Вспышка застигла Якова с закрытыми от мыла глазами. Гнев, этот волохатый брат вожделения и ревности, разлился по всему его телу еще до того, как он опознал свою дочь с ее фотоаппаратом, и уже угадывался на его лице. Вода промыла серые и белые полосы на его голове, соскользнула на удивленную грудь с опаленными волосами, пролилась на живот и стекла дальше, спускаясь к тощим, бесформенным бедрам и голеням.

«Настоящий кипазелик!»—улыбнулся я, и Яков сердито глянул в мою сторону.

— Я же тебе сказала, я сделаю о тебе выставку и назову ее «Мой отец»! — объявила Роми и весело крутнулась на месте.

Яков грохнул кулаком по застекленной рамке и окровавившейся сразу рукой схватил дочь за горло.

— Я тебе не позволю делать из меня посмешище! — прохрипел он. И тут же отпустил ее, испугавшись собственного гнева.

— И под каждым снимком ты напишешь несколько слов о себе, — продолжила Роми. — Своим собственным почерком. Скажи ему, дядя! — повернулась она ко мне с пылающим лицом и сверкающими глазами.

Сердце мое остановилось. Ей было лет пятнадцать, когда я увидел ее впервые, но и сейчас я легко могу восстановить оцепенелость и смущение, которые охватили меня тогда. Ведь именно такой представлял я себе мать нашу Сару, когда она впервые открылась глазам Авраама. Точно ветка миндаля, цветущего над озером, и отражение этой ветки в зеркале воды под нею — такими вдруг увиделись они мне двое. Роми, со своими длинными худощавыми конечностями подростка и без материнской стайки гусей, выглядела более мальчишески и грубовато, но, несмотря на это, все равно была той же, вечно бегущей в дождливой долине моего воображения, высокой, легконогой девушкой с дремучими пшеничными бровями и чудными глазами, расставленными так широко, что ни один из них не мог увидеть красоты своего близнеца. И тогда же я впервые различил, что ободки ее зрачков имеют цвет анютиных глазок, желто-голубой, разительно непохожий на тот серый, что царил в глазах нашей матери.

Когда ей было года два или три, Яков послал мне ее фотографию: голенькая девчушка носится по двору, обернув головку тюрбаном белых трусиков, наискосок натянутых через лицо. Один смеющийся глаз и медная прядка волос смотрят сквозь разрез трусов. Уже тогда у нее были эта сильная, прямая спина и те же широкие плечи. «Поверь мне, — написал он на обороте снимка в редкой попытке юмора, — я не знаю, с чем едят таких детей.

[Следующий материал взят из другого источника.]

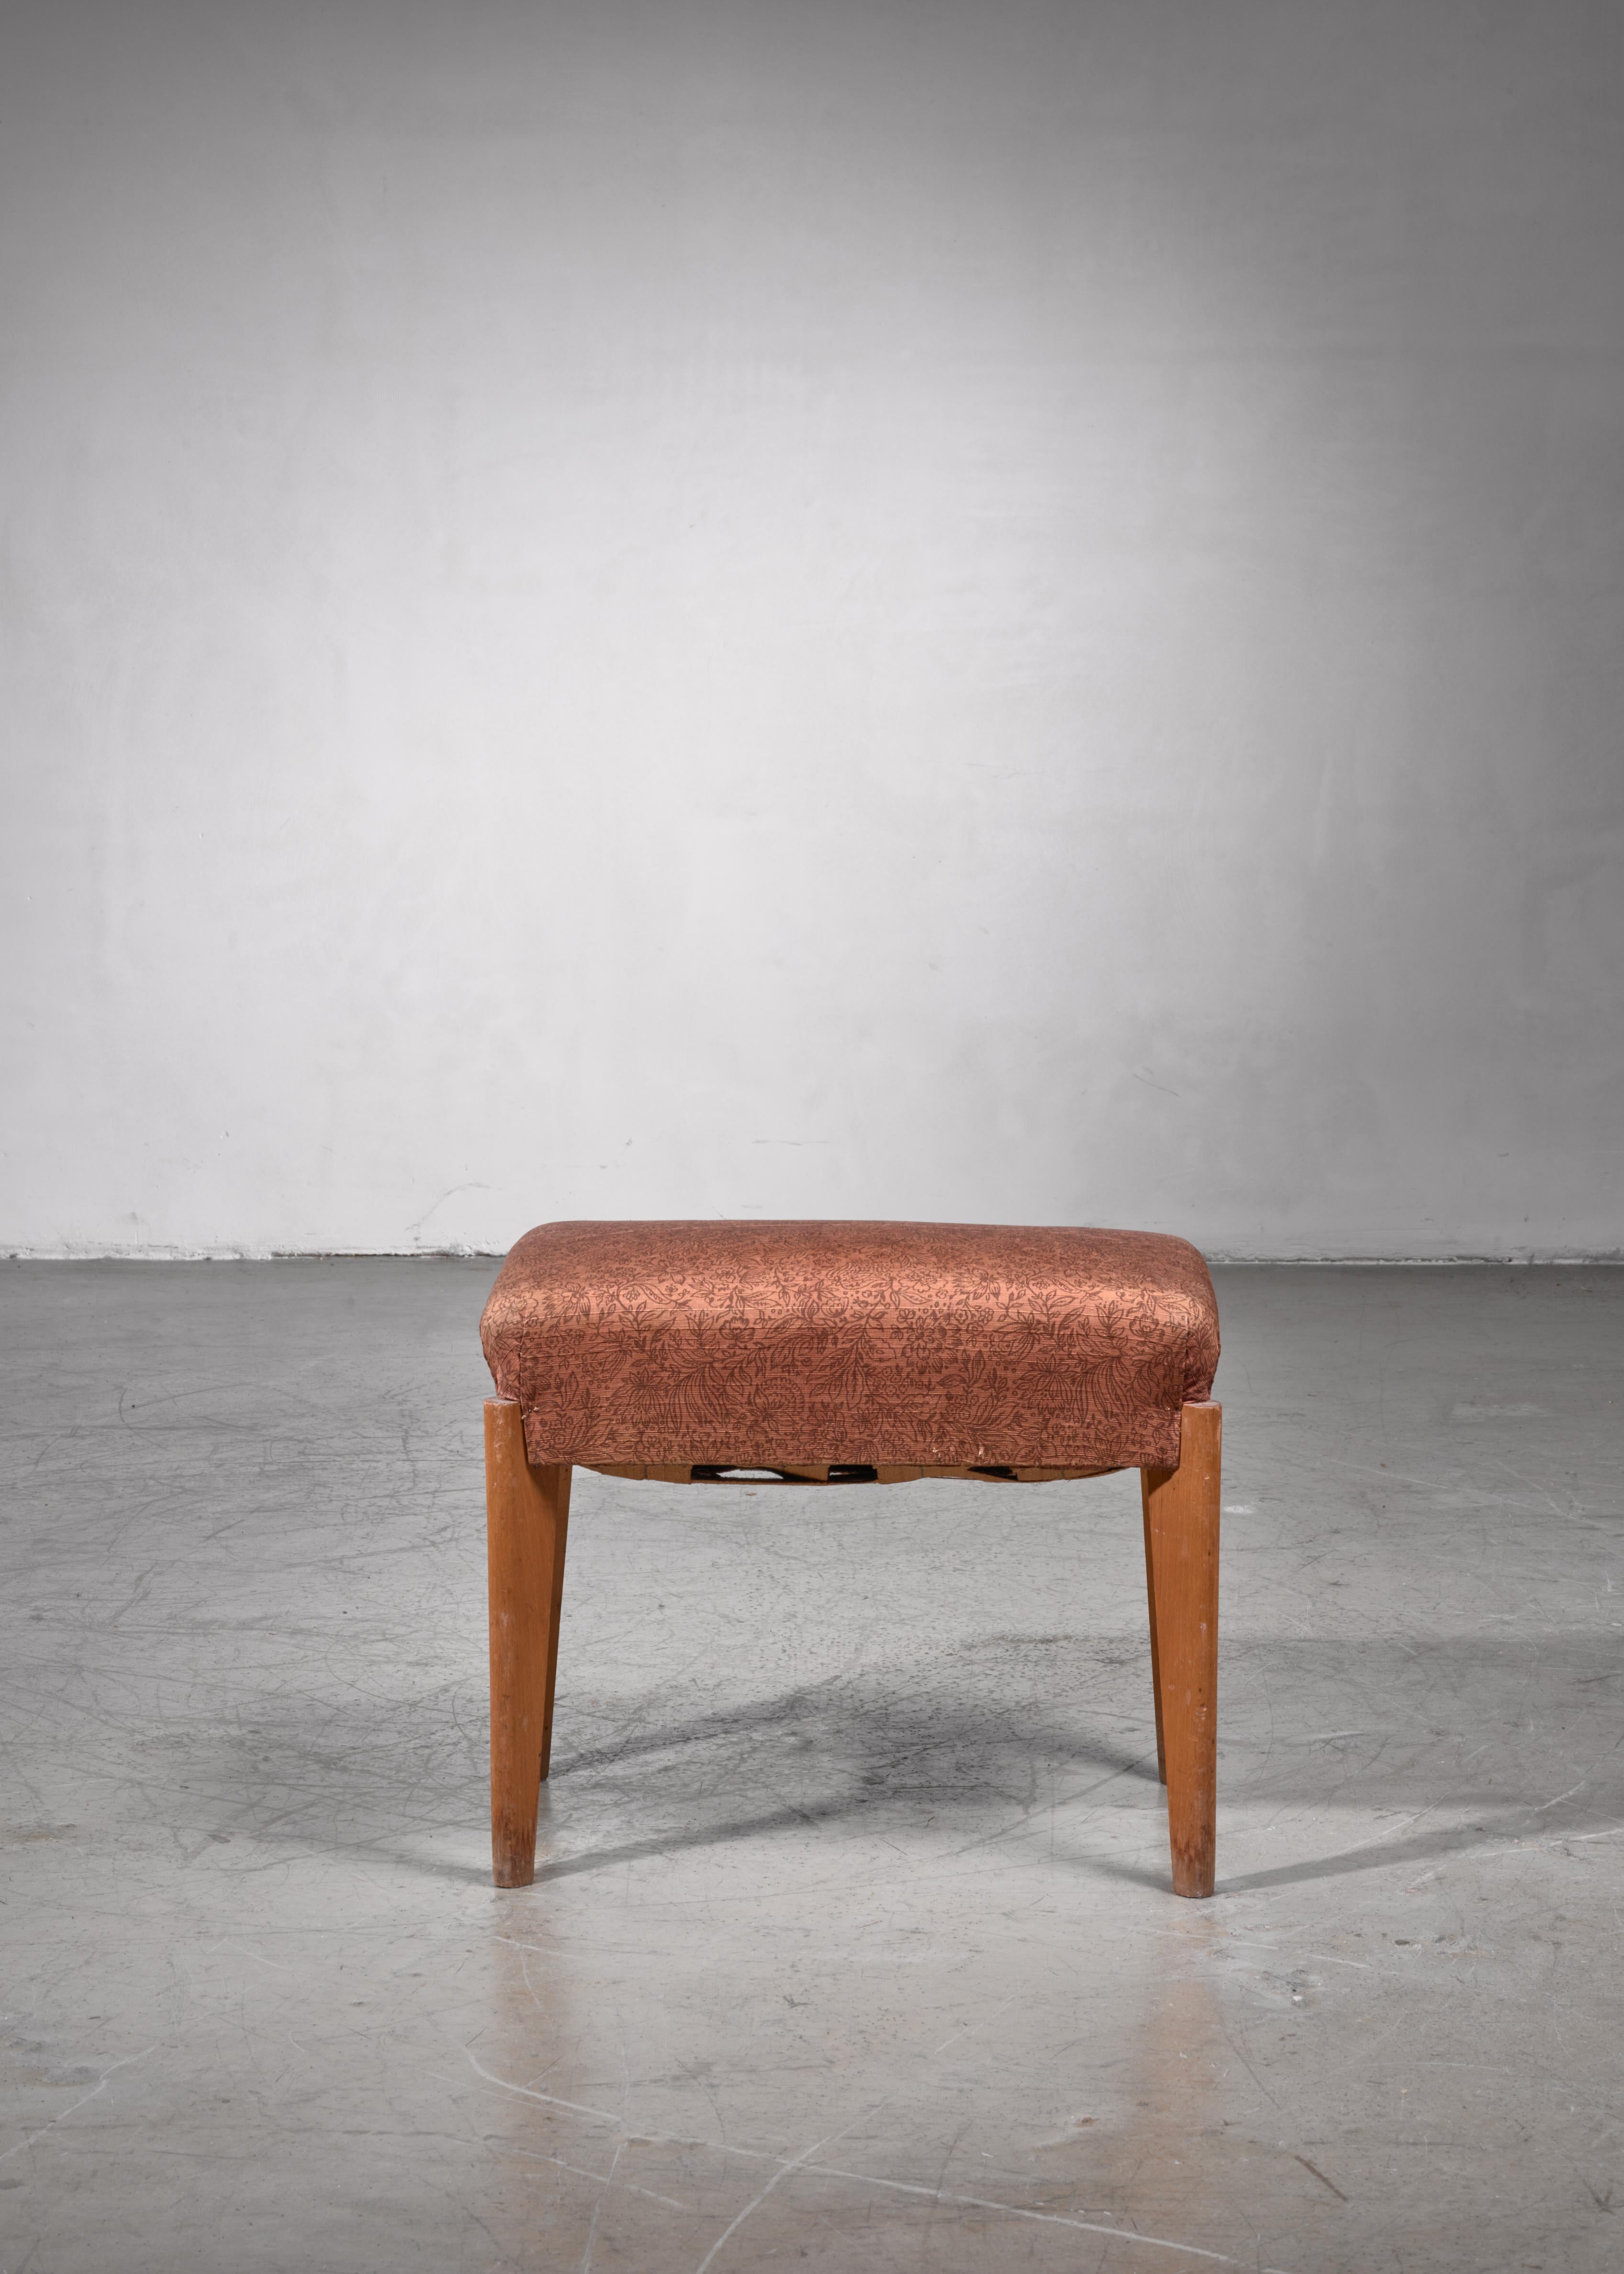 An early Modernist oak piano stool or ottoman l with a thick fabric seating and original upholstery.

Сдается мне, что ей было бы лучше родиться твоей дочерью».

Время от времени я посылал ей из Америки фотооткрытки, и, когда Роми пошла в первый класс и научилась писать, она начала на них отвечать. Биньямину я, кстати, тоже посылал подарки и открытки, но он отвечал мне лишь раз в году — трудные слова благодарности, которые, казалось, были написаны подошвами его ботинок. Письма Роми были короткими и веселыми, всегда начинались словами «шалом, дядя», кончались «до свиданья, дядя» и уже тогда напоминали мне четверостишие Шауля Черниховского, которое Ихиель любил напевать вслух, когда переплетал растрепавшиеся книги:

Пока не склонились вечерние тени,

Пока еще дышит в нас жизнь-ненагляд —

Давай наслаждаться любовным забвеньем,

Шуметь, и кричать, и смеяться, мой дяд!

К каждому из своих писем Роми прилагала картинку. Сначала это были детские рисунки, где возле дома было написано «Дом», возле дерева — «Дерево» и возле кота — «Кот», словно она сомневалась в способности адресата понять и припомнить. Лишь потом мне пришла в голову другая мысль: эта раздача имен могла быть ее способом утвердить свою власть, ведь точно так же поступал и праотец наш Адам. Как бы то ни было, с возрастом она усовершенствовала этот метод и стала писать на каждом снимке несколько слов о том, что на нем происходит. «Дед сидит на скамейке». «Папа в дождь собирает воду в ведра». «Биньямин лезет им дерево».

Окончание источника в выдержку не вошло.